Zellerhoff, who ran on the track and cross-country teams at the University of Portland, enjoys the Notre Dame campus where she can run around the lakes. She also enjoys her cohort’s soccer team that enjoyed success in Thursday night intramural games. “The campus has overall impressed me,” she says. “It has so much to offer from the many business competitions to watching the presidential debate on the quad to joining club gymnastics. Of course, I was really excited for Notre Dame football as well.”

Zellerhoff is working with Manufacturing Technology Inc., a 90-year-old South Bend company, on a technology that reduces the cost of traditional friction welding by lowering the amount of force necessary. She expects to go into product or program management, preferably in a field related to health and fitness, and perhaps as an intrapreneur in an established company.  

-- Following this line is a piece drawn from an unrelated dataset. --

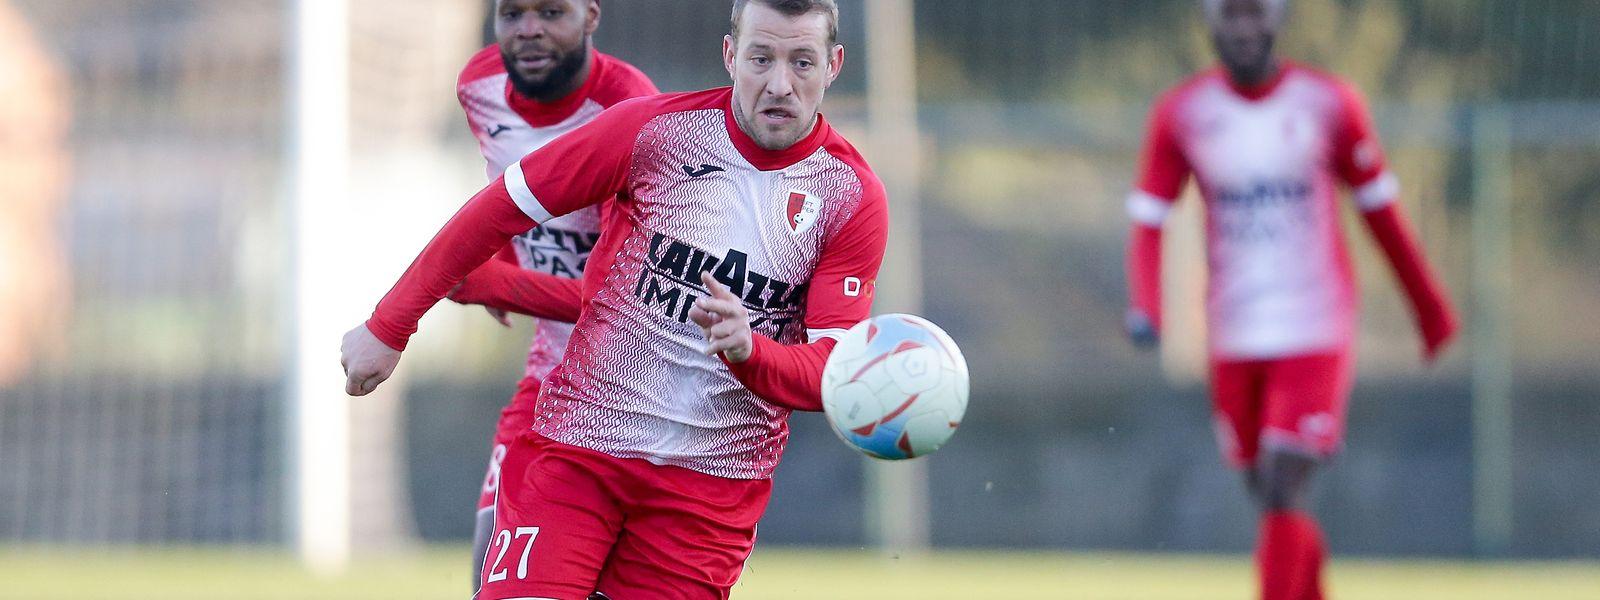 Hesperingen um Dominik Stolz gehört zu den stärksten Mannschaften in der BGL Ligue.

“To do that, you have to be able to oversee a product from the first time you think about it all the way to entering the market and beyond,” she says. “ESTEEM teaches you those business skills, the marketing, the accounting, the marketing research, and how to complete a business model canvas. ESTEEM is unique from other programs mainly due to the capstone thesis, which allows us to immediately apply what we’re learning in the classroom to a company’s new innovation, a research laboratory’s discovery, or your own start up. UP gave me a really good technical background, now I am augmenting it with the business skills needed to succeed in the real world.”